▸ Exercise goal:
Could you retype all of the records exactly, leaving out every picture?

******************************

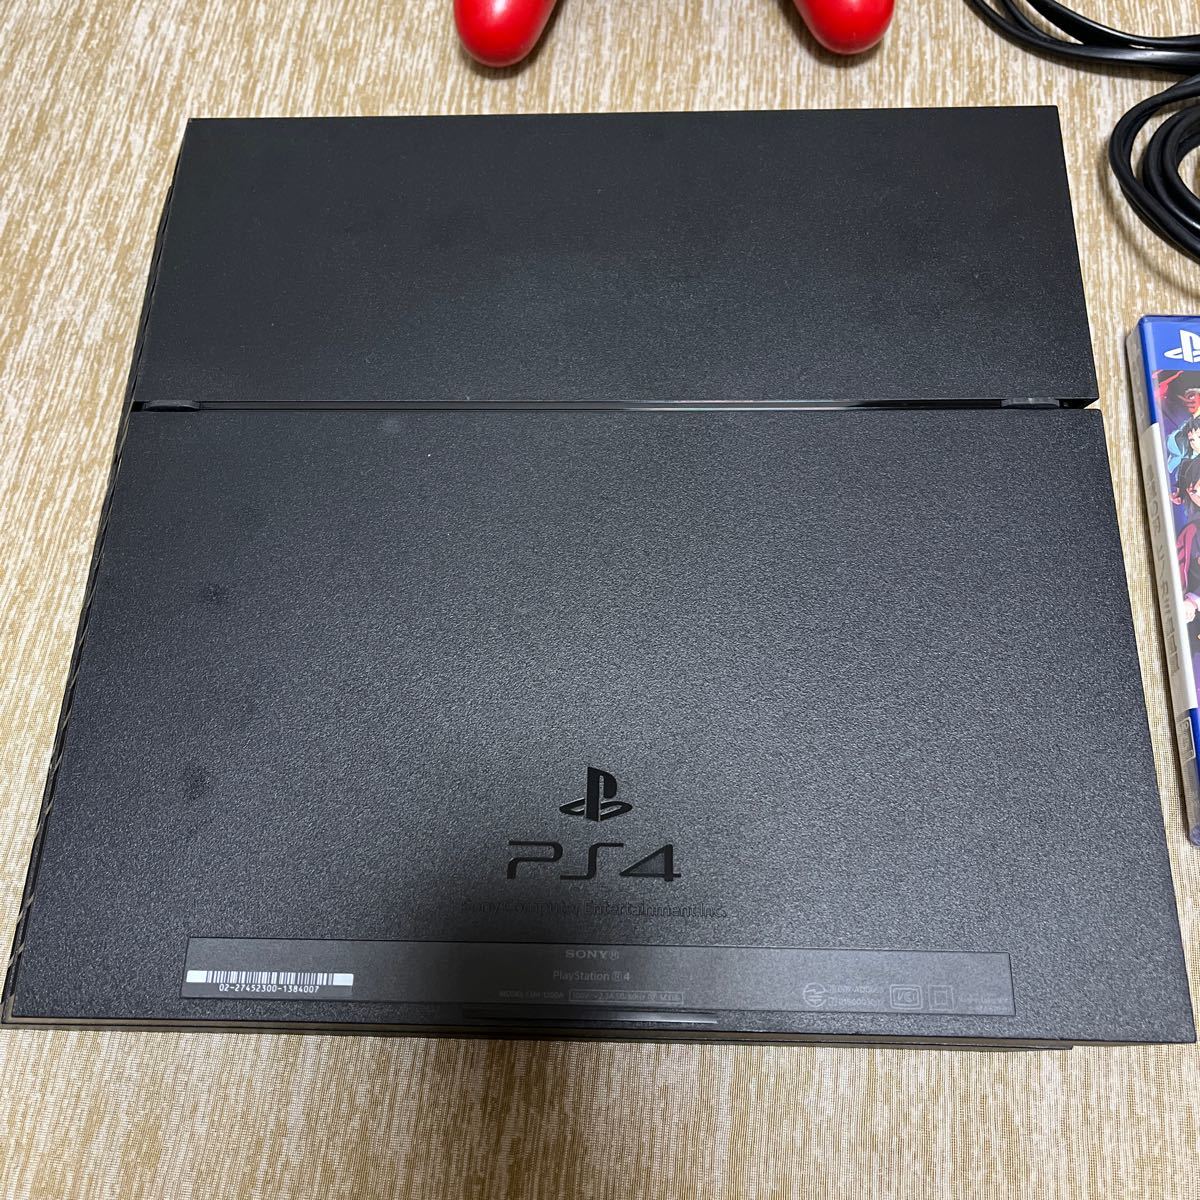 中古PlayStation4ジェットブラックCUH-1200A 500G
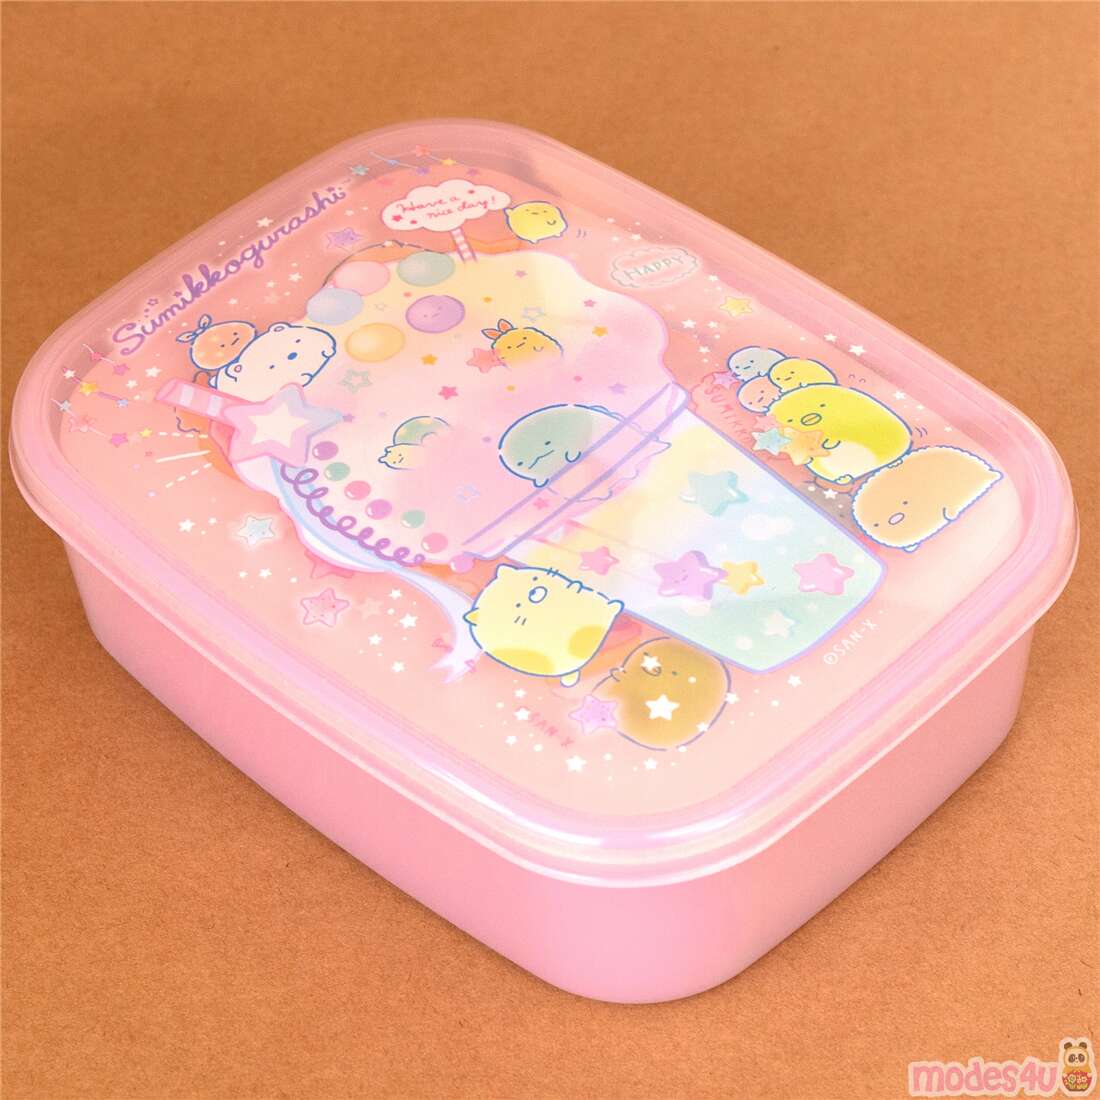 Sanrio Bento Lunch Box  Lunch box, Bento box, Cute bento boxes
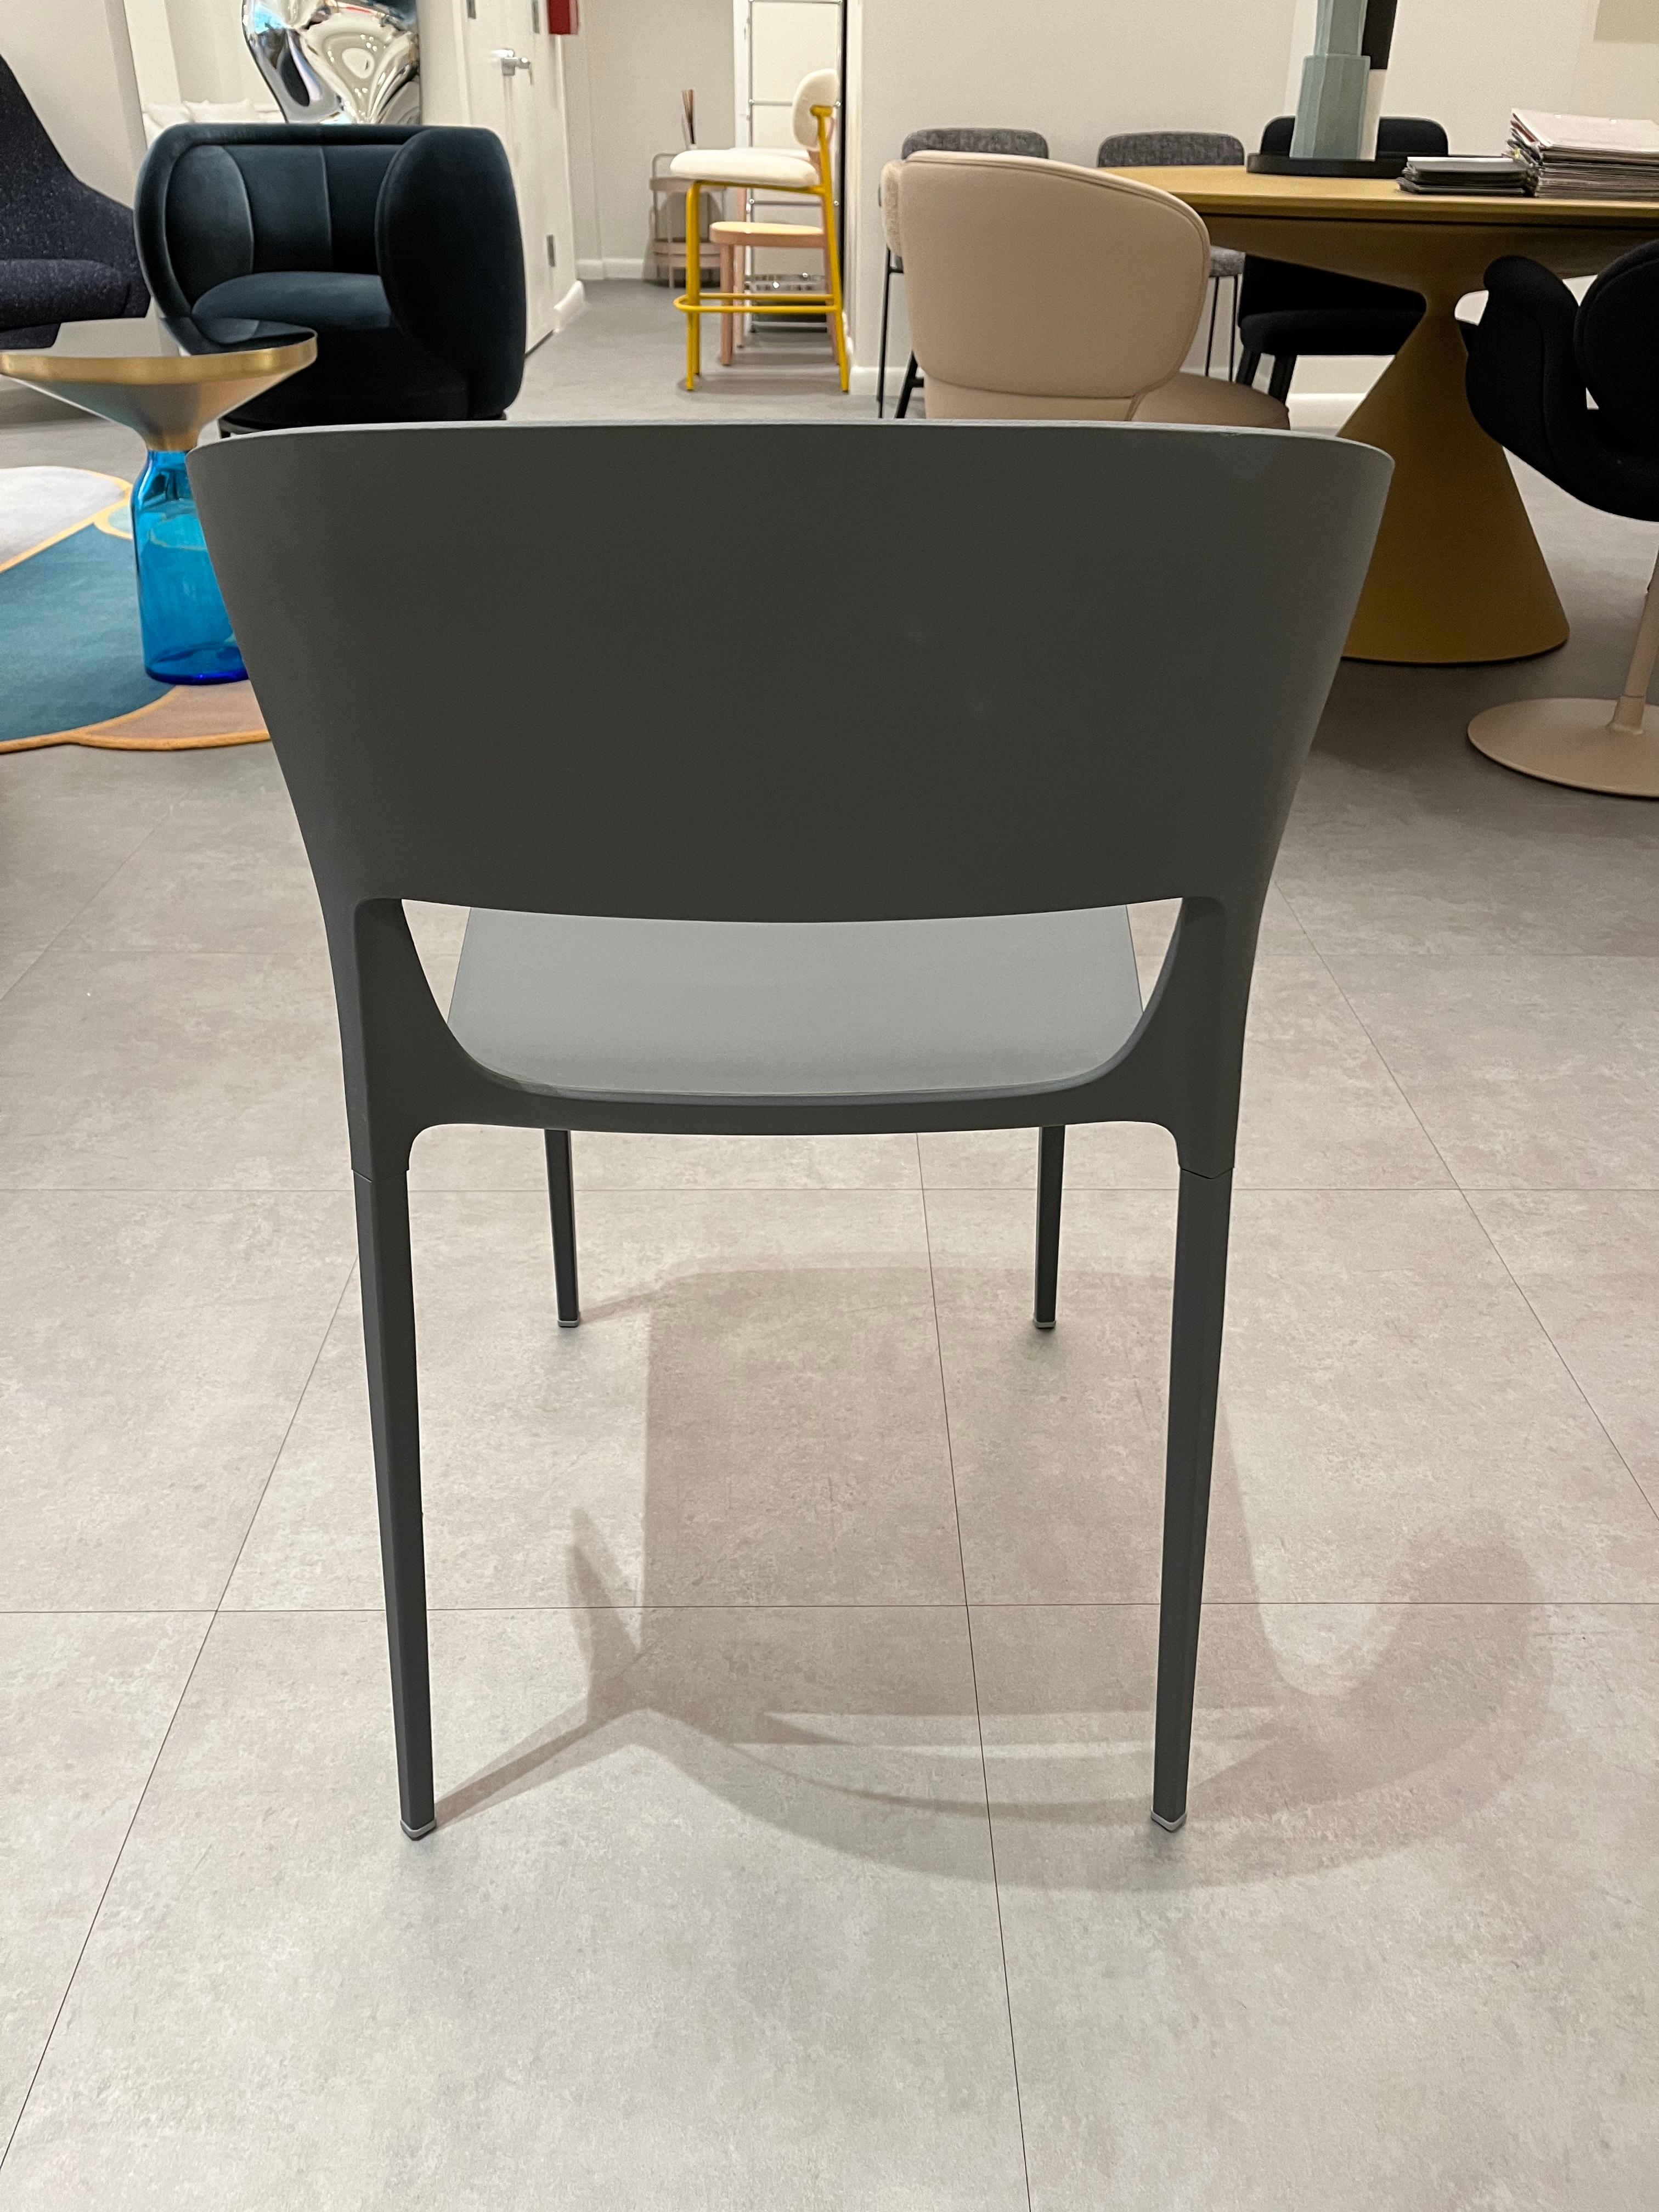 Koki
Pocci + Dondoli - 2015
MATERIAL: Integral-Polyurethan
Mit der Koki-Stuhlserie hält die Objektwelt Einzug in den häuslichen Bereich  mit einem modernen, frischen Design. Ein perfektes Gleichgewicht von Form, Funktion und Innovation, das aus

******************************

▸ Solved exercise:
 中古PlayStation4ジェットブラックCUH-1200A 500G
 Sanrio Bento Lunch Box  Lunch box, Bento box, Cute bento boxes
 Koki
Pocci + Dondoli - 2015
MATERIAL: Integral-Polyurethan
Mit der Koki-Stuhlserie hält die Objektwelt Einzug in den häuslichen Bereich  mit einem modernen, frischen Design. Ein perfektes Gleichgewicht von Form, Funktion und Innovation, das aus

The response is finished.